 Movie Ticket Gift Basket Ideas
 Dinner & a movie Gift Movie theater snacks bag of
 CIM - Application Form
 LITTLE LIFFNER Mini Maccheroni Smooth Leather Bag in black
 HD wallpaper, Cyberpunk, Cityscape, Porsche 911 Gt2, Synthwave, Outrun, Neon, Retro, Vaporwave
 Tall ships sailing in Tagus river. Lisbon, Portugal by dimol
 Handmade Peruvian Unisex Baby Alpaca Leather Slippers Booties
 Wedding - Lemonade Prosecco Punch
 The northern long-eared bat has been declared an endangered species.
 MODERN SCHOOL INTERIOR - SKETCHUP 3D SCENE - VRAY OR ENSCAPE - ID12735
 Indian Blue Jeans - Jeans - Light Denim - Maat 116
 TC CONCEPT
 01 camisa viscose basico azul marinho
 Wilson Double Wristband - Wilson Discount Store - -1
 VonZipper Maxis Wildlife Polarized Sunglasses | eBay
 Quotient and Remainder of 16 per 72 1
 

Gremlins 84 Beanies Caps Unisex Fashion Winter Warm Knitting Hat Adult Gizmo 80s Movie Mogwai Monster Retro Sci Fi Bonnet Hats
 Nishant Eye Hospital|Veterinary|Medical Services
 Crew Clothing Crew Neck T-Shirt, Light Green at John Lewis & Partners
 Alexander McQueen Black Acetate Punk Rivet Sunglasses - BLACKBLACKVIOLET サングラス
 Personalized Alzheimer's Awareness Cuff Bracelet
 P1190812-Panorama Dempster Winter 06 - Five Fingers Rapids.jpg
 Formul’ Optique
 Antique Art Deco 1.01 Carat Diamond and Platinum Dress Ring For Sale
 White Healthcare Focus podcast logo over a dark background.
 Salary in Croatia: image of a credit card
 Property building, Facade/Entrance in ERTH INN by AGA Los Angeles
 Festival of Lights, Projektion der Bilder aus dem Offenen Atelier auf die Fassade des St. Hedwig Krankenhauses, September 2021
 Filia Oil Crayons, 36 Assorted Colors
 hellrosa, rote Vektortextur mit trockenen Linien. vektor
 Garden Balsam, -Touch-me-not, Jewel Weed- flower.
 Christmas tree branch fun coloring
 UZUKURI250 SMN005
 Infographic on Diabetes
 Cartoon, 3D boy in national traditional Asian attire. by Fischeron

::::::

* _EXERCISE INSTRUCTIONS_: Starting with the first line of the data above, copy each line exactly until you reach the line with "Crew Clothing Crew"; include that line as well.

* _WRITTEN RESPONSE_:
 Movie Ticket Gift Basket Ideas
 Dinner & a movie Gift Movie theater snacks bag of
 CIM - Application Form
 LITTLE LIFFNER Mini Maccheroni Smooth Leather Bag in black
 HD wallpaper, Cyberpunk, Cityscape, Porsche 911 Gt2, Synthwave, Outrun, Neon, Retro, Vaporwave
 Tall ships sailing in Tagus river. Lisbon, Portugal by dimol
 Handmade Peruvian Unisex Baby Alpaca Leather Slippers Booties
 Wedding - Lemonade Prosecco Punch
 The northern long-eared bat has been declared an endangered species.
 MODERN SCHOOL INTERIOR - SKETCHUP 3D SCENE - VRAY OR ENSCAPE - ID12735
 Indian Blue Jeans - Jeans - Light Denim - Maat 116
 TC CONCEPT
 01 camisa viscose basico azul marinho
 Wilson Double Wristband - Wilson Discount Store - -1
 VonZipper Maxis Wildlife Polarized Sunglasses | eBay
 Quotient and Remainder of 16 per 72 1
 

Gremlins 84 Beanies Caps Unisex Fashion Winter Warm Knitting Hat Adult Gizmo 80s Movie Mogwai Monster Retro Sci Fi Bonnet Hats
 Nishant Eye Hospital|Veterinary|Medical Services
 Crew Clothing Crew Neck T-Shirt, Light Green at John Lewis & Partners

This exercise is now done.